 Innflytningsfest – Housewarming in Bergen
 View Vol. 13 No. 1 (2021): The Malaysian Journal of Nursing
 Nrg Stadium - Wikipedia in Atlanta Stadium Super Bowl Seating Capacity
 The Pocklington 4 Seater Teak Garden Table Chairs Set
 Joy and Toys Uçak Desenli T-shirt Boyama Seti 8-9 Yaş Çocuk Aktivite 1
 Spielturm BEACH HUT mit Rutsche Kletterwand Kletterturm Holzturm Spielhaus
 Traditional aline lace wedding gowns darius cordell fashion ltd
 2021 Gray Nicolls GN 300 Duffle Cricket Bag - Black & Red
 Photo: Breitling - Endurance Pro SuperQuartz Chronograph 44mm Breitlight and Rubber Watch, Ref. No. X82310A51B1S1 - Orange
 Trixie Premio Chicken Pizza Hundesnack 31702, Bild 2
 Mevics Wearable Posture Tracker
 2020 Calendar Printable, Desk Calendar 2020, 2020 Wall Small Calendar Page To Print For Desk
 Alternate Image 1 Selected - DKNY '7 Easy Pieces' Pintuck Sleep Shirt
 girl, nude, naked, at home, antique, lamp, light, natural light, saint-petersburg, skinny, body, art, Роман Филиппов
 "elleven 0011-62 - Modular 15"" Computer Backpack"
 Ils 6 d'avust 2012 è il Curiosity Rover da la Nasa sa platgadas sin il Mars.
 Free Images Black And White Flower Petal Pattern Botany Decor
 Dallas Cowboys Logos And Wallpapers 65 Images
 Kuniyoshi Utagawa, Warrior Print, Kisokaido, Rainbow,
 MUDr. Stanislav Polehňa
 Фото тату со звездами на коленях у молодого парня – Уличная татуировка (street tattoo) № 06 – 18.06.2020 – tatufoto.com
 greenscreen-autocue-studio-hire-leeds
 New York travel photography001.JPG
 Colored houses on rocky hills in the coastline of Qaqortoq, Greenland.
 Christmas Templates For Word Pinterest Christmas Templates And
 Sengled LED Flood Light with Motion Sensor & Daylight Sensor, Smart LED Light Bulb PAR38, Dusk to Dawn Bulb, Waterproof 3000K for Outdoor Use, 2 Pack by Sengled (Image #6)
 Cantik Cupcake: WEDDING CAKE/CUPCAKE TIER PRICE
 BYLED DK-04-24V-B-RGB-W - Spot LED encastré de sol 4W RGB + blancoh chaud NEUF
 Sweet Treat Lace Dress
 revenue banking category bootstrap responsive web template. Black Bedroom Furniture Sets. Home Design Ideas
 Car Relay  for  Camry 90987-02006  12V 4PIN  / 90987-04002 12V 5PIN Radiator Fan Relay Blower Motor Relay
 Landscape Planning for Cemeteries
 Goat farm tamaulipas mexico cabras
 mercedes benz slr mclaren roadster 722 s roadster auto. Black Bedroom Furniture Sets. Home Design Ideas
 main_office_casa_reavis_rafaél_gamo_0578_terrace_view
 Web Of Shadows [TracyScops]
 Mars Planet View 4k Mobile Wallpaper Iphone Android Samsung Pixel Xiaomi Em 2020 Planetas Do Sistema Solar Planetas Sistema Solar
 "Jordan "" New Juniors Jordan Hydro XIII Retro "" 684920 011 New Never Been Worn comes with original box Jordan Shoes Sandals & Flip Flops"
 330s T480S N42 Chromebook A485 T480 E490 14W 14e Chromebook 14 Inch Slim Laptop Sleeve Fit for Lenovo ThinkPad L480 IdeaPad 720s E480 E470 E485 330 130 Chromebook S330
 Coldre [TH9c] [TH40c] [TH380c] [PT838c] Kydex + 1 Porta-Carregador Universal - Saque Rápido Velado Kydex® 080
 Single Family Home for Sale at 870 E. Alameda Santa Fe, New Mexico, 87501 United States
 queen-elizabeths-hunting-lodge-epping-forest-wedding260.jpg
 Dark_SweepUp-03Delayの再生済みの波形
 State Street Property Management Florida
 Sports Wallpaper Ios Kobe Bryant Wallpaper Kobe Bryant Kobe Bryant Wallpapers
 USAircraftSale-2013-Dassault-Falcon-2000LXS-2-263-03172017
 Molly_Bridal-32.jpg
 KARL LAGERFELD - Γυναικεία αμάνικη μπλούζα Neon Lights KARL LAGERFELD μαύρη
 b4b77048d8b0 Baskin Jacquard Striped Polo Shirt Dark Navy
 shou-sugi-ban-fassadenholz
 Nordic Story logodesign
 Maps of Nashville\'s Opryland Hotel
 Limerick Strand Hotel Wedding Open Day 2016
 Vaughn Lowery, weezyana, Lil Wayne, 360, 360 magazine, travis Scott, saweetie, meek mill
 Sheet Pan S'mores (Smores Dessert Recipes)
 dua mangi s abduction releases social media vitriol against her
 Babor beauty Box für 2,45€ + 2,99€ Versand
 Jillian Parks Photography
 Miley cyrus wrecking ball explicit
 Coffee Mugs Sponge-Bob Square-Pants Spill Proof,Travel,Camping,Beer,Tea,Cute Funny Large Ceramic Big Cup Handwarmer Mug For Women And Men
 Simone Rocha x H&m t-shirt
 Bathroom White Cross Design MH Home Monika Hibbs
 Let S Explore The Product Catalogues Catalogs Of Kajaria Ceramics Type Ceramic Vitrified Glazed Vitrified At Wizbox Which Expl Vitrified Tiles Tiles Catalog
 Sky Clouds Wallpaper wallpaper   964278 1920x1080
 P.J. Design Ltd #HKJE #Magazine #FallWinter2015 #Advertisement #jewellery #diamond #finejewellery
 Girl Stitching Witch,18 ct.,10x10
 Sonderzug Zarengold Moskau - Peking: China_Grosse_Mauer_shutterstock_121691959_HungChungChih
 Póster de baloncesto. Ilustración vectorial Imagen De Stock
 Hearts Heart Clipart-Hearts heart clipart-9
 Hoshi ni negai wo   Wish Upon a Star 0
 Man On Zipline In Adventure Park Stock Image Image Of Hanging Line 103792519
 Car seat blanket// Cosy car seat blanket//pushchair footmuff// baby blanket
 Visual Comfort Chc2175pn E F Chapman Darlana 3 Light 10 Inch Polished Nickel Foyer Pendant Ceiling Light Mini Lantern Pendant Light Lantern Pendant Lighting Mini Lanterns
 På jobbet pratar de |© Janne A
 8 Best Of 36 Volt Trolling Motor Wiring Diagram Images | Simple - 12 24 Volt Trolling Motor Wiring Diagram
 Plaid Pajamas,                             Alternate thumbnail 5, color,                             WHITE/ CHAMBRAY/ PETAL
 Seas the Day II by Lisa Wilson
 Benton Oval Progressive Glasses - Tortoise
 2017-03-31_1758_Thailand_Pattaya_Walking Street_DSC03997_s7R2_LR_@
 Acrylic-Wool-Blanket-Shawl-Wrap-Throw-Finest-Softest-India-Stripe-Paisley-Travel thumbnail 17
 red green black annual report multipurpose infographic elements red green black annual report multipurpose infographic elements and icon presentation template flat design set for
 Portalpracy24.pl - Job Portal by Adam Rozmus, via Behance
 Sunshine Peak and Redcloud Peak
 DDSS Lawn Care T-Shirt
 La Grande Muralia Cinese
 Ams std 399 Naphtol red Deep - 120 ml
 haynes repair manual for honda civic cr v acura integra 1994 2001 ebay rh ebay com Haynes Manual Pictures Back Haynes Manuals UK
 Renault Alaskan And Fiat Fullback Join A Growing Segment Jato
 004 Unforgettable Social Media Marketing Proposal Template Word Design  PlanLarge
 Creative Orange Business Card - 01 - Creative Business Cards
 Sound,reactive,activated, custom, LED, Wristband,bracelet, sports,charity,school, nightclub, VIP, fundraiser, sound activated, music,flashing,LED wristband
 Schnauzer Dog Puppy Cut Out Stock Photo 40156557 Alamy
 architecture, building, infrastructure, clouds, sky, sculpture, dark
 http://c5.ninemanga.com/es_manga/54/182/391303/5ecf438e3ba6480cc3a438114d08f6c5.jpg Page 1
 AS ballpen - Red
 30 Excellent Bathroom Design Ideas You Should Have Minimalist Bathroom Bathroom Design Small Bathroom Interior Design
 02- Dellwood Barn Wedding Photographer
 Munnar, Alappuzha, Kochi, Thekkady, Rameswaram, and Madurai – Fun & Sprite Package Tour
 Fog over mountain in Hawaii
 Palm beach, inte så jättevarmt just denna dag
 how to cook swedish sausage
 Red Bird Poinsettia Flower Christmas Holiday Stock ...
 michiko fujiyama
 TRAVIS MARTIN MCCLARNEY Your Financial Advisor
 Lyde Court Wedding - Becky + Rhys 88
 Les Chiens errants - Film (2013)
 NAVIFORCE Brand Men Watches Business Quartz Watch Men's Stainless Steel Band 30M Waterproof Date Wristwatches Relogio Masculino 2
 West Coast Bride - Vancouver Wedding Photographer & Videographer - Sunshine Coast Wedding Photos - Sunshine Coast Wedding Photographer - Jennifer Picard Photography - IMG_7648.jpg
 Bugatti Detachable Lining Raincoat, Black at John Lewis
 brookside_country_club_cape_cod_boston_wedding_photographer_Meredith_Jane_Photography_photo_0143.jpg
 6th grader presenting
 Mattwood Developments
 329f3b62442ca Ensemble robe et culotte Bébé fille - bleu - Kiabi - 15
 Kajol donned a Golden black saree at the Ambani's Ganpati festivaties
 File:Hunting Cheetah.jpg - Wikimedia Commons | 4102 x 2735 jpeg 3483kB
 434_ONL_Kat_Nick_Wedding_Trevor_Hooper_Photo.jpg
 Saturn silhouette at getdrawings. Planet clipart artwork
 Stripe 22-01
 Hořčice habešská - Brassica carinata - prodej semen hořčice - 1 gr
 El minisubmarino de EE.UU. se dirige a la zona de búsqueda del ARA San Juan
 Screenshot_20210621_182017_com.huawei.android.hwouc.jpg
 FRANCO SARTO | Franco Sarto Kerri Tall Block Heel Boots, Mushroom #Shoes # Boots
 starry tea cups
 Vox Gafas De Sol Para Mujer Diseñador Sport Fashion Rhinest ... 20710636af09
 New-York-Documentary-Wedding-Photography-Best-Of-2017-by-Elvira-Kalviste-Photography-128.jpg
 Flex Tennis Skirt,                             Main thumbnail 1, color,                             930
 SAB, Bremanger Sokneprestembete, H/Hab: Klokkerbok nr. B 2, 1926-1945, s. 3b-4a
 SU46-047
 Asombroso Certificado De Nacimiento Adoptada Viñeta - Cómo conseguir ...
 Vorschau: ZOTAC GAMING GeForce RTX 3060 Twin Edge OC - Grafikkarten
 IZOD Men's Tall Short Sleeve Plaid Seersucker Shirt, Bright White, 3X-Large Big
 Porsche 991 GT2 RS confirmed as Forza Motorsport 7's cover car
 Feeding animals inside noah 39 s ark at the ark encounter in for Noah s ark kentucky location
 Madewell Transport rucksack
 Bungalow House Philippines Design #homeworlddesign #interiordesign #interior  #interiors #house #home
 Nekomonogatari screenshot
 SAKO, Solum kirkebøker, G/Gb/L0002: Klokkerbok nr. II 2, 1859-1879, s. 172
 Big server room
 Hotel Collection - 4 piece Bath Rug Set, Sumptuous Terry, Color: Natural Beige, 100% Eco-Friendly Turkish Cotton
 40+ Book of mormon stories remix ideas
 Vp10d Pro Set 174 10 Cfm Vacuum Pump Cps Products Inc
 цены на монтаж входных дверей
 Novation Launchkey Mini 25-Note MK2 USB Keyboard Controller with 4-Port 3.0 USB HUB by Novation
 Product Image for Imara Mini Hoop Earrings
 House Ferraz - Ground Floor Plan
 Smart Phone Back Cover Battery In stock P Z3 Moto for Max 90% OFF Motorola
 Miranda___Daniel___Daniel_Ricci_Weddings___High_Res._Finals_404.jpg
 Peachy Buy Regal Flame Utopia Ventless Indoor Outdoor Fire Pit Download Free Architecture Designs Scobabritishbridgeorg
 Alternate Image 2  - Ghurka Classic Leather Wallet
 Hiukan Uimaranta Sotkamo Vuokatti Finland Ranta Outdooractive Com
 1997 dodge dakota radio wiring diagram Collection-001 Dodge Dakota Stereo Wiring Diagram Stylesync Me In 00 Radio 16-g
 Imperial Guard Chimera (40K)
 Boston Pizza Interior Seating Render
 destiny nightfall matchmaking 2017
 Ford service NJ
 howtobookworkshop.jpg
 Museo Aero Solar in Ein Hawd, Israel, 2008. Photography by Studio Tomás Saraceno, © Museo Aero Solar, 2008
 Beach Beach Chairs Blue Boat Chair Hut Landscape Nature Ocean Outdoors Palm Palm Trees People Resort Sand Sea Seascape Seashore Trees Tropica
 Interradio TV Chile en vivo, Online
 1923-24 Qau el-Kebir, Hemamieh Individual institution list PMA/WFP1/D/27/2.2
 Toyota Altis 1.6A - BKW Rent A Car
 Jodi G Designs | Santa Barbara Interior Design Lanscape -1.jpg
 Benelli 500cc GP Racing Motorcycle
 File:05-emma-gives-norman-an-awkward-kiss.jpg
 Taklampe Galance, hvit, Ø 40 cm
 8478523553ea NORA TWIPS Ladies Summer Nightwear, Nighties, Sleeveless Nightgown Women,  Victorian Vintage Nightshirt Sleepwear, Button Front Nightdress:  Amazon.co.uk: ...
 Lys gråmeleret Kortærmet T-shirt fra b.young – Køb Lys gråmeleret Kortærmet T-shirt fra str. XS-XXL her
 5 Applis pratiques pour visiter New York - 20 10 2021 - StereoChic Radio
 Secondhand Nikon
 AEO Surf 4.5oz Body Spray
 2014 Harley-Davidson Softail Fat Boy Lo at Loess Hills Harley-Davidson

#### EXERCISE OBJECTIVE
Where the string "Wallpapers" appears in a line of the listing, copy that line.

#### EXPECTED ANSWER
 Dallas Cowboys Logos And Wallpapers 65 Images
 Sports Wallpaper Ios Kobe Bryant Wallpaper Kobe Bryant Kobe Bryant Wallpapers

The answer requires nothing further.